File photo shows smoke billowing following an air strike by the Saudi-led coalition in the Yemeni capital Sanaa on February 23, 2020. (Photo by AFP)

The Saudi-led coalition has carried out fresh airstrikes in Yemen’s western province of Hudaydah in violation of the 2018 Stockholm Agreement.

Yemeni media say the coalition warplanes raided the Salif area. The coalition also said it has destroyed targets in Red Sea’s Bab al-Mandeb strait.

There have been no reports of casualties as of yet.

Yemeni forces have repeatedly accused Saudi Arabia of violating the UN-backed agreement. They say such infringements have led to the death and injury of hundreds of civilians.

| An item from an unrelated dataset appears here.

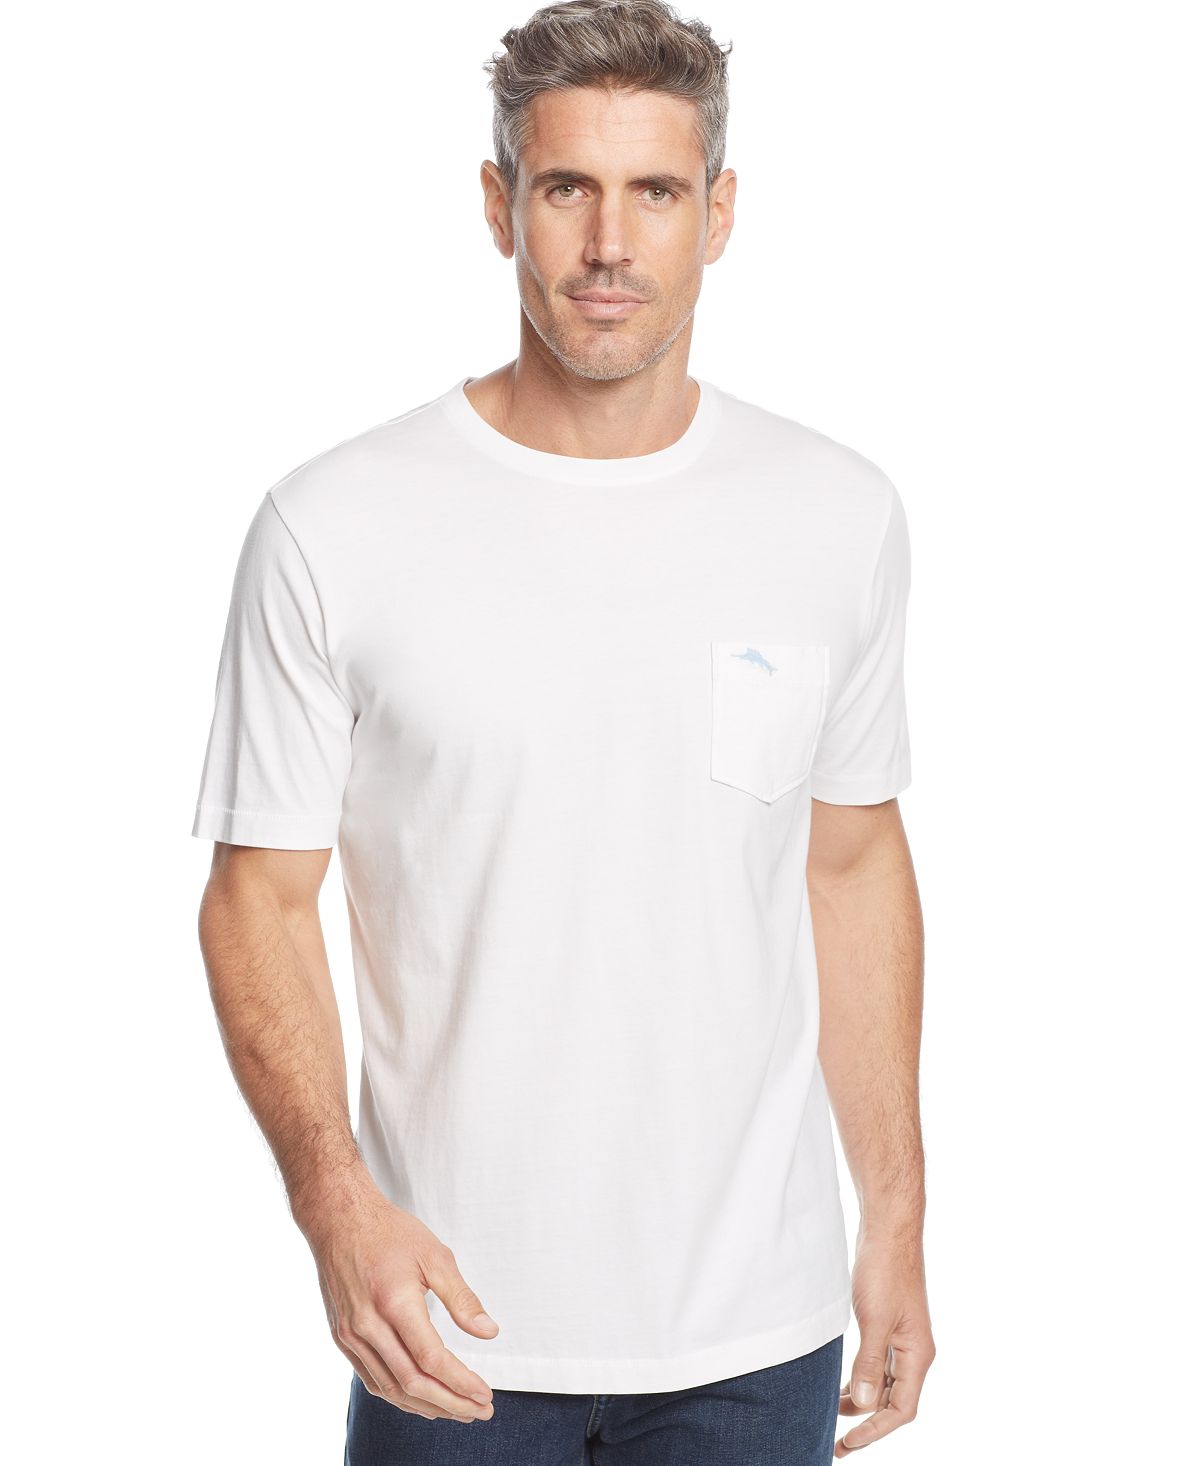 Мужская футболка bali sky с круглым вырезом и короткими рукавами Tommy Bahama, белый куртка casa grande tommy bahama цвет bbq

The airstrikes are in breach of an agreement reached between the warring sides during a round of UN-sponsored peace negotiations in Sweden in December 2018.

The deal between Yemen's Ansarullah movement and representatives loyal to former Yemeni President Abd Rabbuh Mansur Hadi included three provisions: a ceasefire along the Hudaydah front and the redeployment of armed forces out of the city and its port; an agreement on prisoner exchange; and a statement of understanding on the southern Yemeni city of Ta’izz.

Saudi Arabia and a number of its allies launched the devastating campaign against Yemen in March 2015, with the goal of bringing back to power the government of Hadi and crushing Ansarullah.

The US-based Armed Conflict Location and Event Data Project (ACLED), a nonprofit conflict-research organization, estimates that the war has claimed more than 100,000 lives over the past nearly five years.

The Saudi-led coalition has been widely criticized for the high civilian death toll from its bombing campaign. The alliance has carried out nearly 20,500 air raids in Yemen, according to the data collected by the Yemen Data Project.